2013-11-21
November 21 is the eleventh meeting for Systems Thinking Ontario. The registration is at https://st-on-2013-11-21.eventbrite.com/ .
Theme: Systems Thinking and Design Thinking: Complexity and Autopoesis
This meeting is the third in the series of three based on "Systemic Design Principles for Complex Social Systems", Peter H. Jones, a chapter in Social Systems and Design, Gary Metcalf (editor), Volume 1 of the Translational Systems Science Series, Springer Verlag (2013). [published in 2014 by Springer] [preprint available on request from Peter Jones]
Suggested pre-reading:
More generally, ideas of complexity and autopoesis are related to living systems. The following references may help frame these ideas across biological systems and social systems:
Lane Tracy, "Evolutionary Processes in Living Systems", Proceedings of the Annual Meeting of the International Society for the Systems Sciences 2006, at http://journals.isss.org/index.php/proceedings50th/article/view/348 .
Francis Heylighen, "The Global Superorganism: an evolutionary-cybernetic model of the emerging network society", Principia Cybernetica (2007) at http://pespmc1.vub.ac.be/Papers/Superorganism.pdf .
From the list of 10 design principles, the last three are related to complexity and autopoesis.
A core set of systemic design principles shared between design and systems disciplines is proposed. The following are based on meta-analysis of concepts selected from system sciences and design theory sources. Design principles were selected that afford significant power in both design and systems applications, and are sufficiently mature and supported by precedent to be adapted without risk.
1. Idealization
2. Wickedness
3. Purpose
4. Boundary framing
5. Requisite variety
6. Feedback coordination
7. Ordering
8. Generative emergence
Nelson and Stolterman (2012) define two protocols of compositional and created emergence in systemic design, which further distinguish generative emergence. Compositional emergence manifests in design activity as an outcome of ordering, or the construction of artificial micro-systems for adapting an artifact to environments.

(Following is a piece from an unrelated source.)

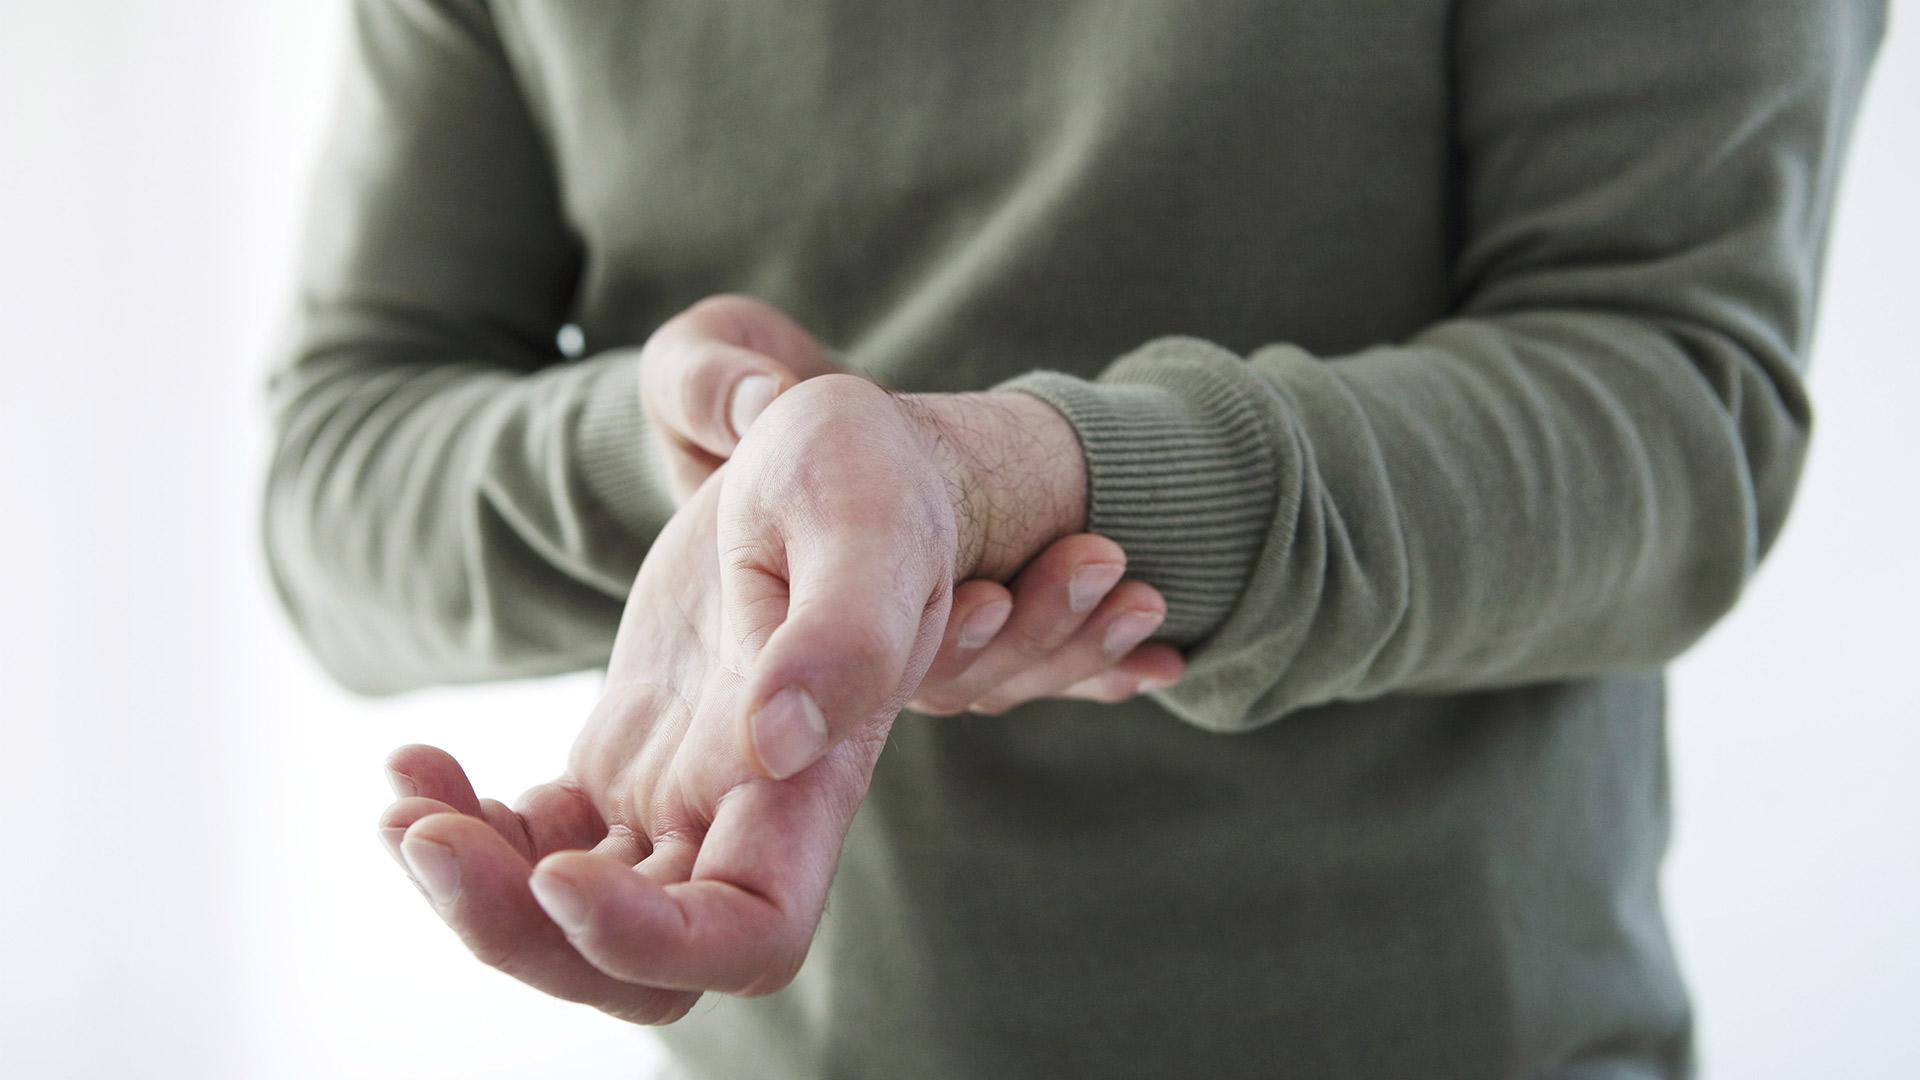 hogyan lehet kezelni a csukló ízületeinek gyulladását

A web-accessible reading (as a partial substitute) is:
Erik Stolterman, "The Nature of Design Practice and Implications for Interaction Design Research", International Journal of Design, volume 2, number 1, (2008) at http://www.ijdesign.org/ojs/index.php/IJDesign/article/view/240/148
9. Continuous adaptation
Continuous adaptation maintains the preferred system purpose and objectives (or desiderata) throughout the lifecycle of adaptation, conformance to environmental demands, and related system changes. Effective systemic design applies the principle of continuous adaptation throughout the design process, from the phases of system design and development through deployment and operation. By incorporating cyclic feedback deeply into the social practices of the host organization, organizations and systems can become resilient to unforeseeable environmental requirements and system breakdowns.
10. Self-organizing
Self-organizing is a central principle developed in systems theories ranging from Wiener’s cybernetics (1948) through Maturana and Varela’s (1974) biological theories of adaptation and autopoiesis, autopoietic social systems (Luhmann, 1986), to more recent complex adaptive systems theory (Holland, 1995).
Social systems are self-organizing human interaction systems that develop (evolve) through learning and flexible responses to changing circumstances. Human systems are self-organizing in the sense that no planned external inputs (from monitoring, for example) respond to human and environmental feedback as any type of living system. [....]
As a design principle, self-organization reminds us of the limited capacity of the individual designer as a formative agent. The social design practices of dialogue and generative facilitation may be considered self-organizing in principle. Yet there are specific “designerly” actions required to realize desired organizational outcomes.
While these principles may appear to assume universality across literatures, the intent is for applicability and adaptability of principles, not a fundamental baseline. (Jones, 2013).
Participants should not feel limited to this suggested pre-reading, but should recognize that other attendees may have not read, or are reading differently, that article.
Agenda
Post-meeting artifacts
Bloogers are encouraged to write about their learning and experiences at the meeting. Links will be added to this page.